0

There are two links format: (with title in a[1] or a[2]

I want it clicks all links in the websites in every page, but using the following codes, it just clicking the first one again and again.

The first link in the website is always [2], with the rest are a[1], I don't know how to click all links then if only use a[1], then 'WebDriverException: unknown error: unsupported protocol (Session info: chrome=88.0.4324.104)'.

<div class="company-left-title">
<a href="javascript:Go('/qy-l-0-4-3595-3595-1.html');">
            </a>
<a href="http://15256160037.58food.com/" target="_blank">亳州市九熹堂药业有限公司</a>  
            </div>

OR

<div class="company-left-title">
            <a href="http://hubeianran.58food.com/" target="_blank">湖北安然保健品有限公司</a>                
            </div>

I used:

driver.get('http://www.58food.com/qy-l-0-3595.html')
while True:
    try:
        links = [link.get_attribute('href') for link in driver.find_elements_by_xpath('//*[@class="company-left-title"]/a[2]')]
    except:
        links = [link.get_attribute('href') for link in driver.find_elements_by_xpath('//*[@class="company-left-title"]/a[1]')]
    for link in links:
        driver.get(link)
        driver.back()
halfer
  • 19,824
  • 17
  • 99
  • 186
Joyce
  • 435
  • 4
  • 13
  • This sounds like an [X-Y problem](http://xyproblem.info/). Instead of asking for help with your solution to the problem, edit your question and ask about the actual problem. What are you trying to do? – undetected Selenium Feb 07 '21 at 12:32
  • @Cathy did you want all the links for the two xpaths which given your site is 16 links. – Arundeep Chohan Feb 07 '21 at 15:09
  • Please read [Under what circumstances may I add “urgent” or other similar phrases to my question, in order to obtain faster answers?](//meta.stackoverflow.com/q/326569) - the summary is that this is not an ideal way to address volunteers, and is probably counterproductive to obtaining answers.

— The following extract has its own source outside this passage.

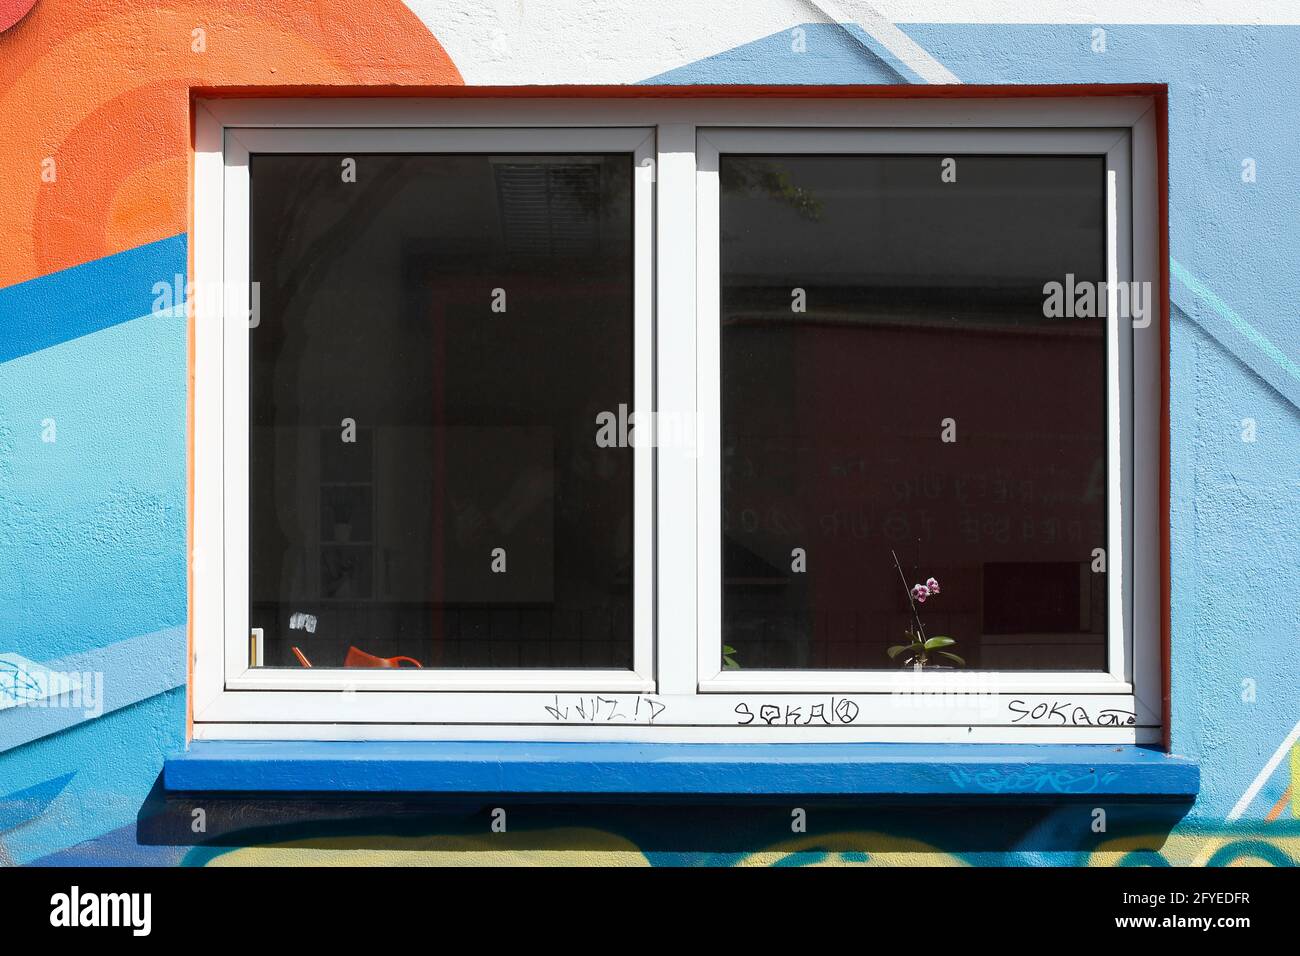 Fenster an einer bunt bemalten Hauswand, Deutschland, Europa Stock Photo

Please refrain from adding this to your questions. – halfer Feb 11 '21 at 21:07

3 Answers3

0

In the first format you showed, this is the element hierarchy:

div
  |-- a
  |-- a

The xpath expression to find the a elements would be '//*[@class="company-left-title"]/a'.

In the second format, there are also a elements underneath a p element:

div
  |--a
  |--p
     |--a

You need the previous xpath expression to find the first a, but you also need another, separate, xpath expression for the second a: '//*[@class="company-left-title"]/p/a'.

joao
  • 2,220
  • 2
  • 11
  • 15
  • Hi, but the title I want to get is in the first element in a, I do not want the p/a indeed, I can delete that part to prevent any confusion, sorry for that – Joyce Feb 07 '21 at 09:17
  • You should also show more of the outputs or errors that you're receiving, so we can understand what'shappening. And be sure to change the a[2] to just a in the xpath. – joao Feb 07 '21 at 09:39
  • it just clicking the first title again and again, the first link in the website is always [2], with the rest are a[1], I dont know how to click all links then – Joyce Feb 07 '21 at 09:42
0

You can try to put your XPath in parenthesis so that you get the second occurence:

(//*[@class="company-left-title"]/a)[2]

Reference:
Xpath to get the 2nd url with the matching text in the href tag

K. B.
  • 3,342
  • 3
  • 19
  • 32
0

To grab all 16 links use the | or for both xpaths.

links = [link.get_attribute('href') for link in driver.find_elements_by_xpath('//*[@class="company-left-title"]/a[2] | //*[@class="company-left-title"]/a[1] ')]
Arundeep Chohan
  • 9,779
  • 5
  • 15
  • 32